The first is to boast in the “hope of sharing the glory of Christ (5:2). This isn’t the kind of hope we often think of—I hope for a car for graduation. I hope I get a big bonus. I hope we get to go to Disneyland this summer. Those are wishes that may or may not come true. But the hope of sharing the glory of Christ is the knowledge that Jesus Christ is Lord and Savior and will return again. We can boast about that!

We can boast in our suffering (5:3). It does not say to boast about how sick we are, how much pain we’re in; or even how much we’ve sacrifice for Christ. That is one way to boast in our sufferings that brings us glory. Instead, we have faith that though we suffer, suffering produces endurance, endurance produces character, character produces hope and this hope does not disappoint us because of God’s love. One of the reasons given by the Vatican on why Pope John Paul continues to hold on to life and is suffering with his ailments is that he truly believes that in his suffering, he would glorify God just as Jesus’ suffering did on the Cross. We were never promised a pain-free, sickness-free, annoyance-free life. We were promised abundant life.

And at the end of this passage (5:11), we can boast in God through Jesus Christ. Today we live in a society where we hear so easily about Christ that the meaning of his life has been watered down. Instead of being shy or embarrassed about being a Christian, we should be boasting about our faith in Christ! We can boast and lift up the fact that Jesus came to do something amazing—die for the forgiveness of sins. Now we are reconciled with God. That’s worth boasting about!

Trusting God

On this third Sunday of Lent, these passages can be gentle or perhaps not so gentle—reminding us of who is truly in charge and who deserves recognition. We have become such an individualistic society and have become so self-sufficient that we don’t need anything from anybody. We will make our own miracles. We will boast about our successes and others will boast about us. But when we do that, we ultimately like the Israelites say to God that we can’t trust him.

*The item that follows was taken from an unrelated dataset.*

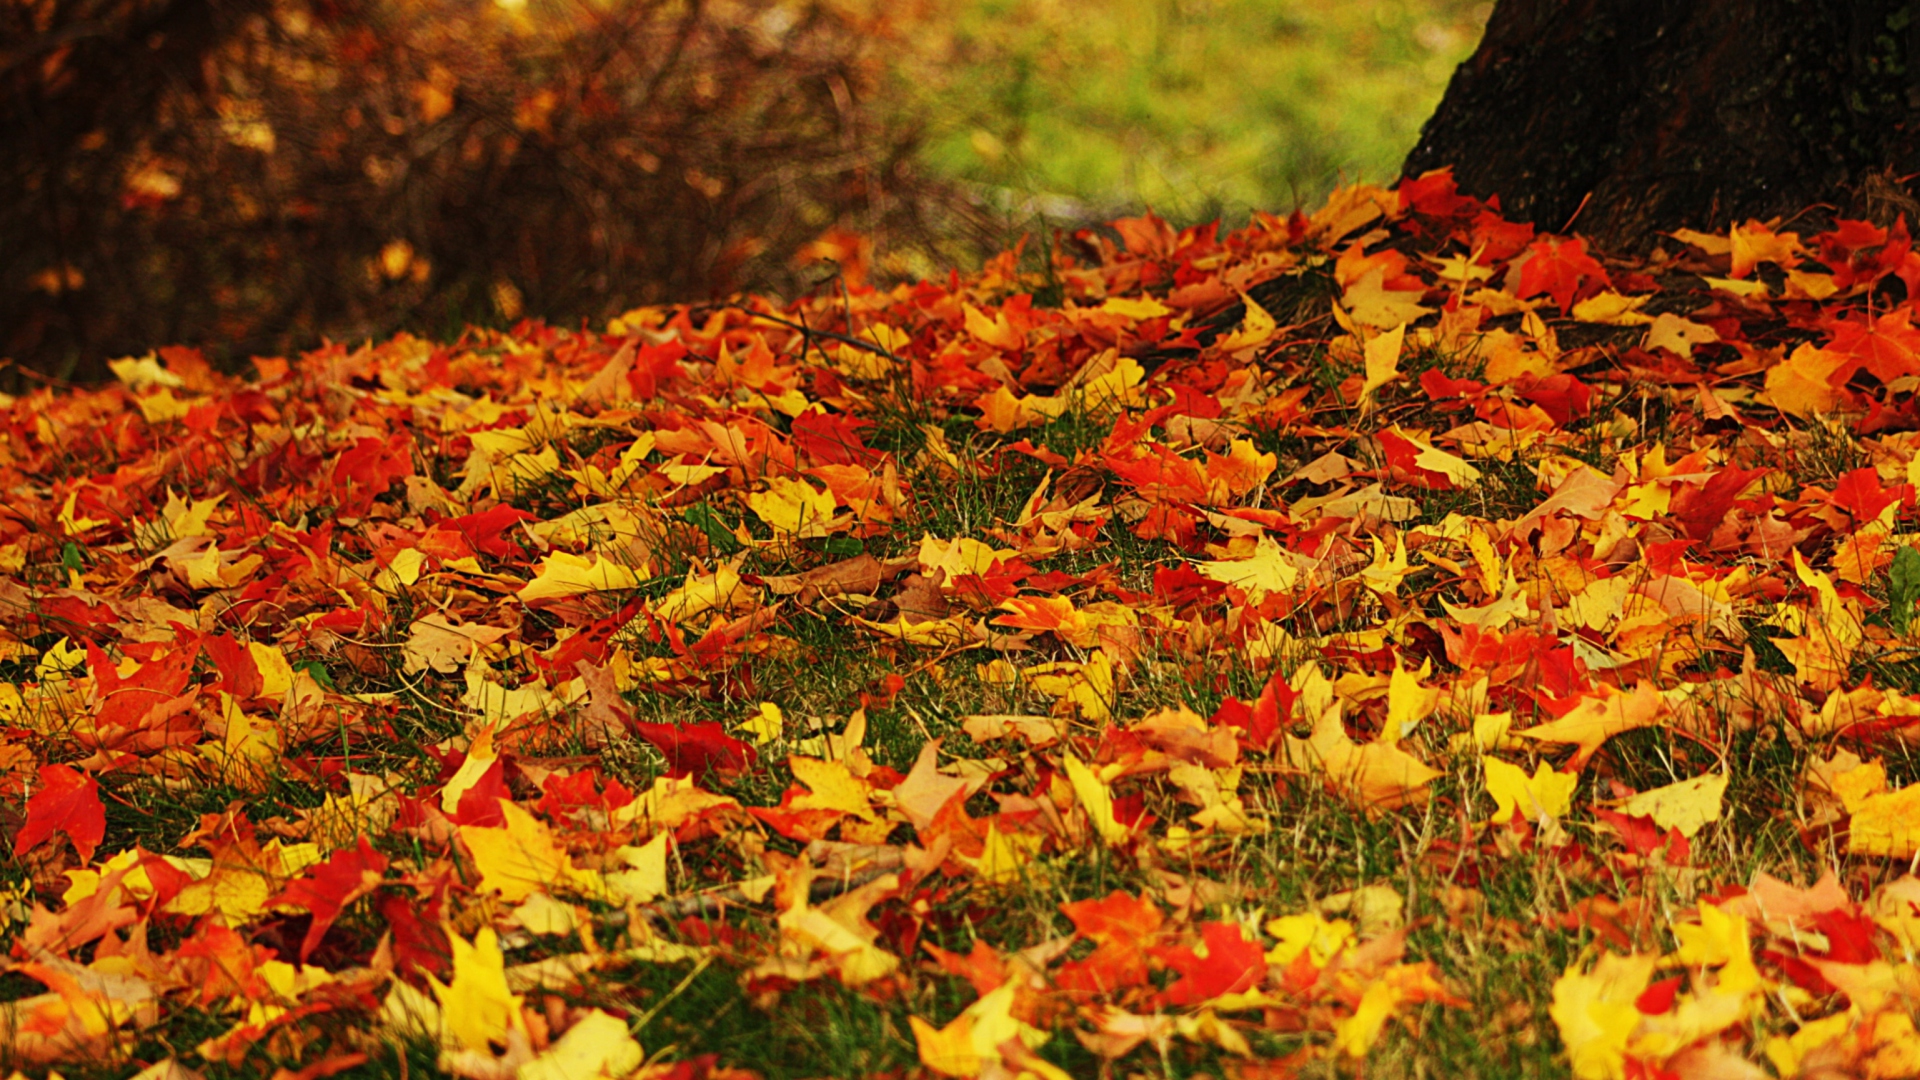 Das Red And Yellow Autumn Leaves Wallpaper 1920x1080

The challenge for us is to place our lives in God’s hands. Like the Israelites experienced first-hand acts of God’s salvation, we too have seen the crucified Christ resurrected on Easter day and people just like us witnessed to his wounds and resurrection. We have a whole Bible filled with eyewitness accounts that God can be trusted.

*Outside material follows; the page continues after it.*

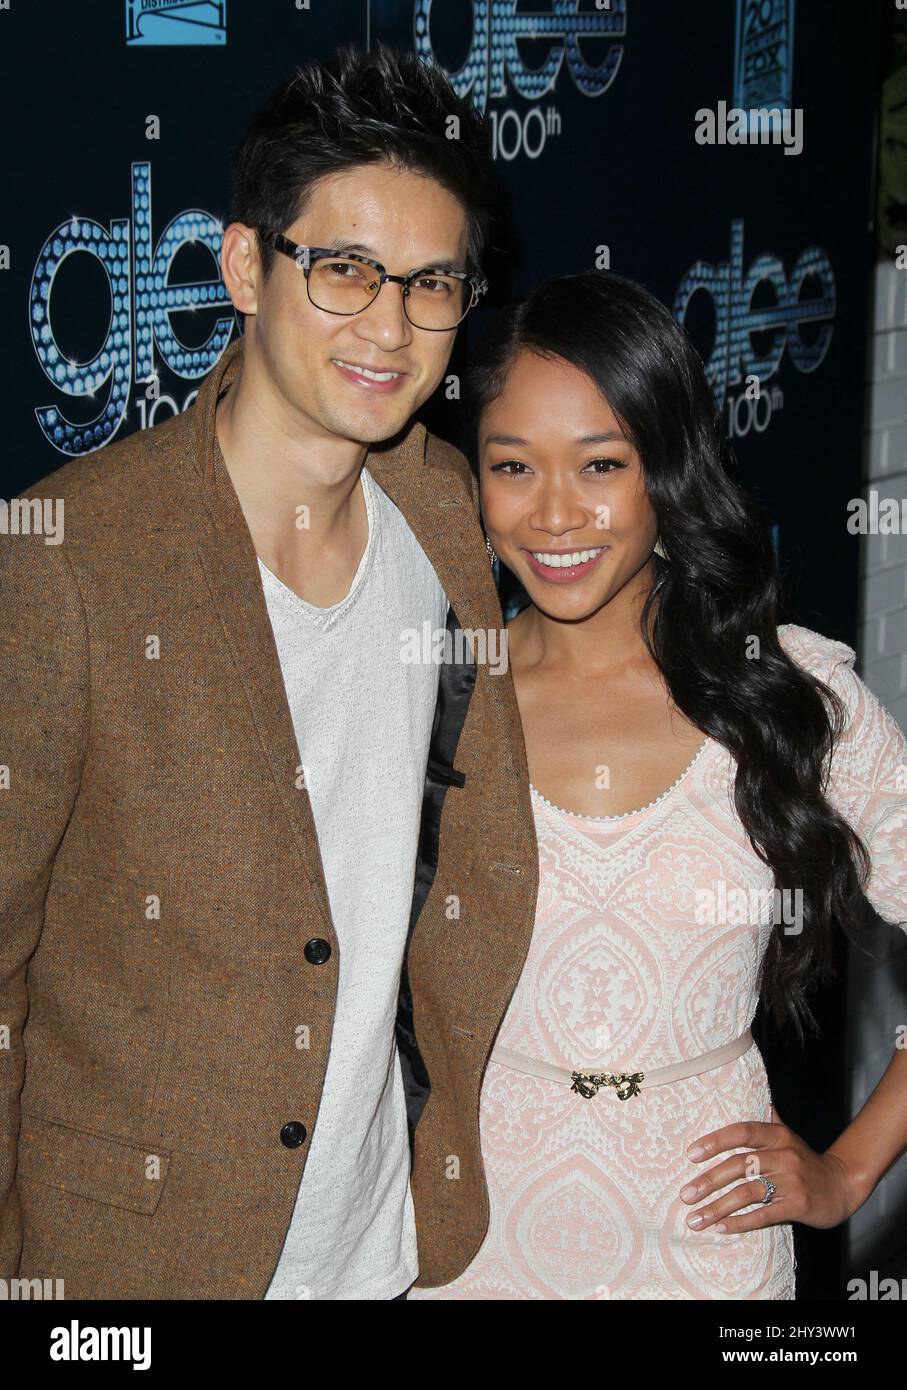 Harry Shum Jr. and Shelby Rabara arriving for the 100th Episode Celebration  of Glee held at the Chateau Marmont, Hollywood, Los Angeles Stock Photo -  Alamy

If we are willing to trust our health to the doctor in surgery, we can begin to learn how to trust in God who is the Great Physician.

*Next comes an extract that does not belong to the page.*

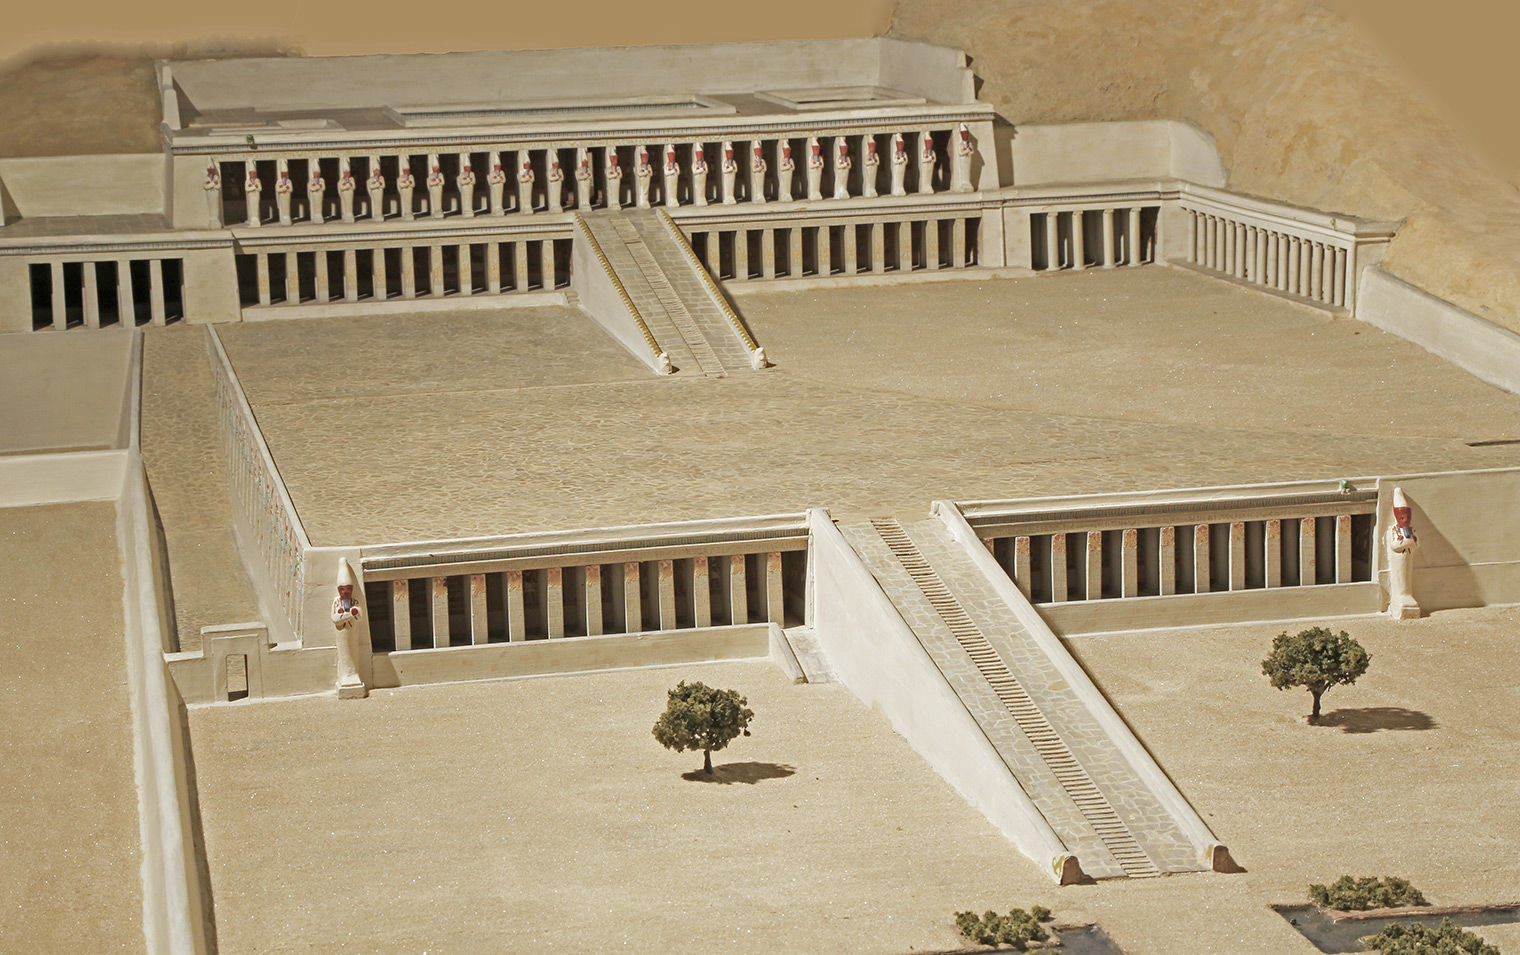 Terraced temple with ramps, all beige in a sandy landscape, with mummiform statues on the main levels.

Trusting God with our lives can be seen in the example of a tree. Every growth upward and outward necessitates a deepening and widening of the roots. Some trees have roots that extend downward to stabilize the tree at the center and to reach the deepest source of water. The root system spreads outward to provide balance and to draw nourishment from the soil. Since the work of setting the roots takes time and energy, trees often grow slowly. But this slowly developed root system is what secures their endurance as sturdy, hardy trees. In our spiritual lives, the root system is trust.

Throughout the Bible and in the promise God made in Christ Jesus, we have witnessed God’s trustworthiness. Our own sufferings have not discouraged us but only produced the endurance to persevere. Our endurance has nurtured a strong character that witnesses to God’s steadfast love. And when we realized as a community over a long period of time—perhaps forty years or 125 years—that God is still with us, there is undeniable hope that God will not disappoint us.

Let us put our fragile lives in God’s hands to live.

Let us pray.

Dear gracious God, once more we come before you to acknowledge that we are in your hands, hands that became flesh and reached out to welcome the outcast and the overlooked. Hands that were pierced with the nails of rejection, and yet which even upon the cross were still symbolically extended in good will even to enemies. Mold us each day into a greater likeness of your Son, that we might continue his ministry of grace and love. In the name of Christ we pray. Amen.